▸ **EXERCISE BRIEF**: Using the records below, repeat exactly the lines from the one holding "Alamo Logo PNG Transparent" through the one holding "Spacious 5 Bedroom", both ends included, and no others.

Segment Open

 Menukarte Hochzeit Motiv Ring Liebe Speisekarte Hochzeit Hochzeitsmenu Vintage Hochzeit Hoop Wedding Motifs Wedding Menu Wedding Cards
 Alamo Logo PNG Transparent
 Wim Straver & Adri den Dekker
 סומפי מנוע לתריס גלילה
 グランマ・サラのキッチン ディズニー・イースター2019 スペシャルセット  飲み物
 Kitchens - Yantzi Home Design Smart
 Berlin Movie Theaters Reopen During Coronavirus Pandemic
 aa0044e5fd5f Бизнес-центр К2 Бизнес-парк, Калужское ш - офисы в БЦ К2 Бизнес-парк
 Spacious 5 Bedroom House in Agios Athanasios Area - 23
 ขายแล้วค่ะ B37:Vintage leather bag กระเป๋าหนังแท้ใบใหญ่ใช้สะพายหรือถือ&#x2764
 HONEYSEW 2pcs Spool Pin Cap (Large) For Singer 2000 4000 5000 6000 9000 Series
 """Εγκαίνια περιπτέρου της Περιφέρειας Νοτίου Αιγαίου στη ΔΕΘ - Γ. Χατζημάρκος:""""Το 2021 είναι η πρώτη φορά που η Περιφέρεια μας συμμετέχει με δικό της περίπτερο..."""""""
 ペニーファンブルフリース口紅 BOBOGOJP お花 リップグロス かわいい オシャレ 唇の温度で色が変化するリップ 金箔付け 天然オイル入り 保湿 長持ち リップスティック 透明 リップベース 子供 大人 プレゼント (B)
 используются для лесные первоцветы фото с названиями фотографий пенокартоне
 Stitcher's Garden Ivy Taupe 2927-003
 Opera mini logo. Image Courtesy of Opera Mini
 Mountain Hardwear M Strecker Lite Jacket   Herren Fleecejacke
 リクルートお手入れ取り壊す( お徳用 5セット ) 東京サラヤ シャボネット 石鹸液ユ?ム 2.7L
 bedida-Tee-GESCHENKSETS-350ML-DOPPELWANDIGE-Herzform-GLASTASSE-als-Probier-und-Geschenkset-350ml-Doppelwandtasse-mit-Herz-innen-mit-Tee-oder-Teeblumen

Segment Closed

▸ **OUTPUT**:
 Alamo Logo PNG Transparent
 Wim Straver & Adri den Dekker
 סומפי מנוע לתריס גלילה
 グランマ・サラのキッチン ディズニー・イースター2019 スペシャルセット  飲み物
 Kitchens - Yantzi Home Design Smart
 Berlin Movie Theaters Reopen During Coronavirus Pandemic
 aa0044e5fd5f Бизнес-центр К2 Бизнес-парк, Калужское ш - офисы в БЦ К2 Бизнес-парк
 Spacious 5 Bedroom House in Agios Athanasios Area - 23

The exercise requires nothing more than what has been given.